The incremental data of the source HBase database cannot be migrated in bulkload mode during incremental synchronization.

Considerations

To ensure the performance of a data migration task, we recommend that you migrate no more than 1,000 tables at a time.
OMS Community Edition cannot obtain the statistics of tables in an HBase database. Therefore, the progress and estimated time displayed on all pages are inaccurate. You can calculate the amount of time required based on the displayed real-time requests per second (RPS) value and the actual number of table records.
Incremental data of an HBase database is replicated by using a peer, which is created in the source HBase database. If the process for incremental synchronization of OMS Community Edition is paused for a long time, the incremental data of the source HBase database may not be sent to the incremental synchronization task of OMS Community Edition for processing. This results in full usage of disks.
The start timestamp of incremental synchronization from the HBase database for a peer is related only to the time when the peer was created, and cannot be specified. If the peer is deleted, you need to create a new data migration task and initialize the full migration task.
During migration in Flink mode, if you want to stop the migration process, you must stop the Flink jobs as well as the full migration and incremental synchronization tasks in OMS Community Edition.

You can find the corresponding Flink jobs based on the ID of the data migration task in the console of OMS Community Edition.
- Full migration job: OMS_BATCH_{task ID in OMS Community Edition}
- Incremental synchronization job: OMS_STREAM_{task ID in OMS Community Edition}
  
  You can also obtain information about the corresponding Flink jobs by viewing the flink_jobid file in the /home/ds/run/{component ID}/conf/ directory in the container of OMS Community Edition.
No statistics are provided for the incremental synchronization task that migrates incremental data from the HBase database to OBKV.

Data type mappings

By default, a column family in the HBase database maps to a table schema in OBKV:

create table if not exists {TABLE_NAME} -- Maps HBase {namespace}.{table_name}${column_family}.
(
    `K` varbinary(1024) not null, -- Maps the HBase rowkey.
    `Q` varbinary(256) not null,  -- Maps the column in the HBase column family.
    `T` bigint not null,          -- Maps the HBase version/timestamp.
    `V` varbinary(1048576),       -- Maps the HBase value.
    primary key(`K`, `Q`, `T`))
partition by key(`K`) partitions 64

You can specify the default CREATE TABLE statement in OBKV for schema migration by modifying the value of the struct.obkv.createtable parameter.

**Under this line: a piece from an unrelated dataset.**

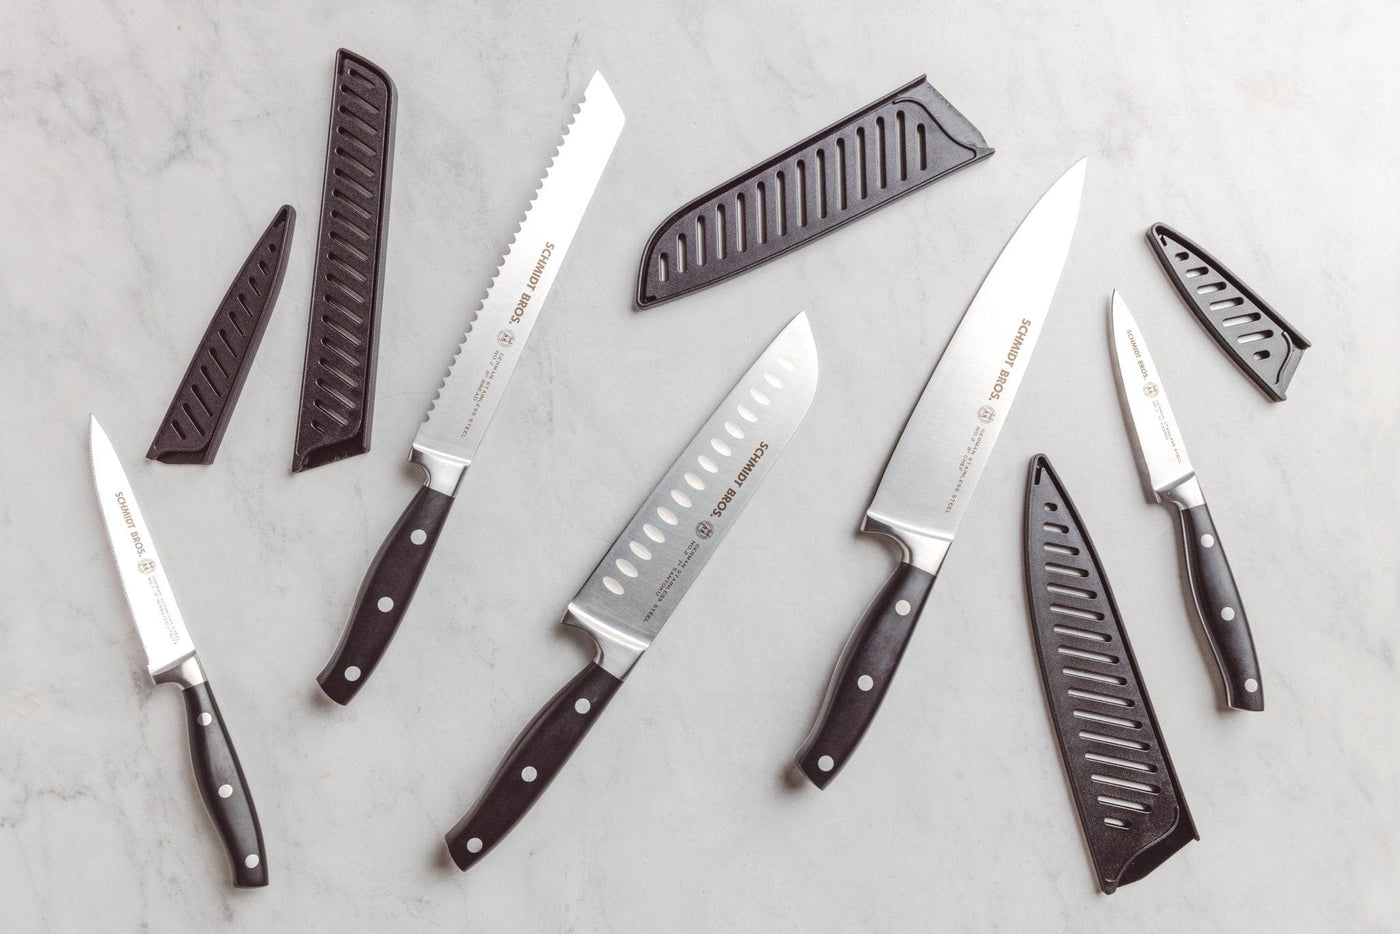 Mumulo Kitchen knife, Chef Knife Set With Sheath, German Stainless
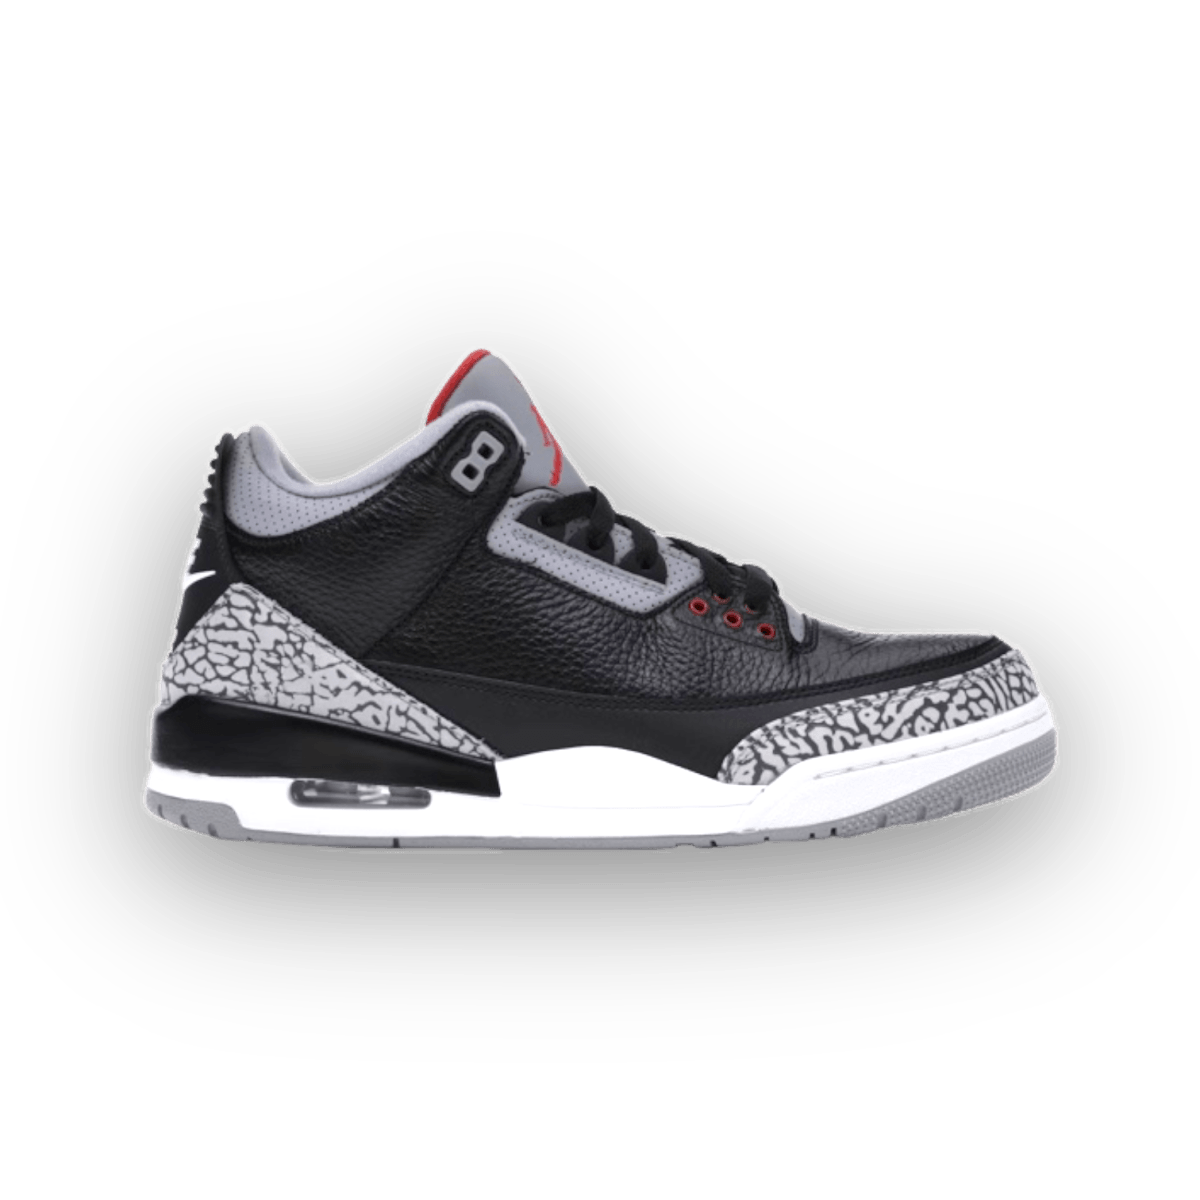 Air Jordan 3 Retro OG 'Black Cement' 2018 - Mid Sneaker - Jawns on Fire Sneakers & Streetwear

Parameter	Description	CREATE TABLE statement
struct.obkv.createtable	On the System Parameters page, you can modify the value of this parameter to specify the default CREATE TABLE statement in OBKV for schema migration in all tasks.	`create table if not exists {TABLE_NAME} (`K`varbinary(1024) not null,`Q`varbinary(256) not null,`T`bigint not null,`V`varbinary(1048576),primary key(`K`,`Q`,`T`)) partition by key(`K`) partitions 64`
structObkvCreatetable	In the Incremental Synchronization section on the Migration Options page, click Configuration Details. Then, you can specify the default CREATE TABLE statement in OBKV for schema migration in the current task by modifying the `sink.json` file.	`create table if not exists {TABLE_NAME} (`K`varbinary(1024) not null,`Q`varbinary(256) not null,`T`bigint not null,`V`varbinary(1048576),primary key(`K`,`Q`,`T`)) partition by key(`K`) partitions 64`

Procedure

Create a data migration task.
1. Log on to the console of OMS Community Edition.
2. In the left-side navigation pane, click Data Migration.
3. On the Data Migration page, click Create Migration Task in the upper-right corner.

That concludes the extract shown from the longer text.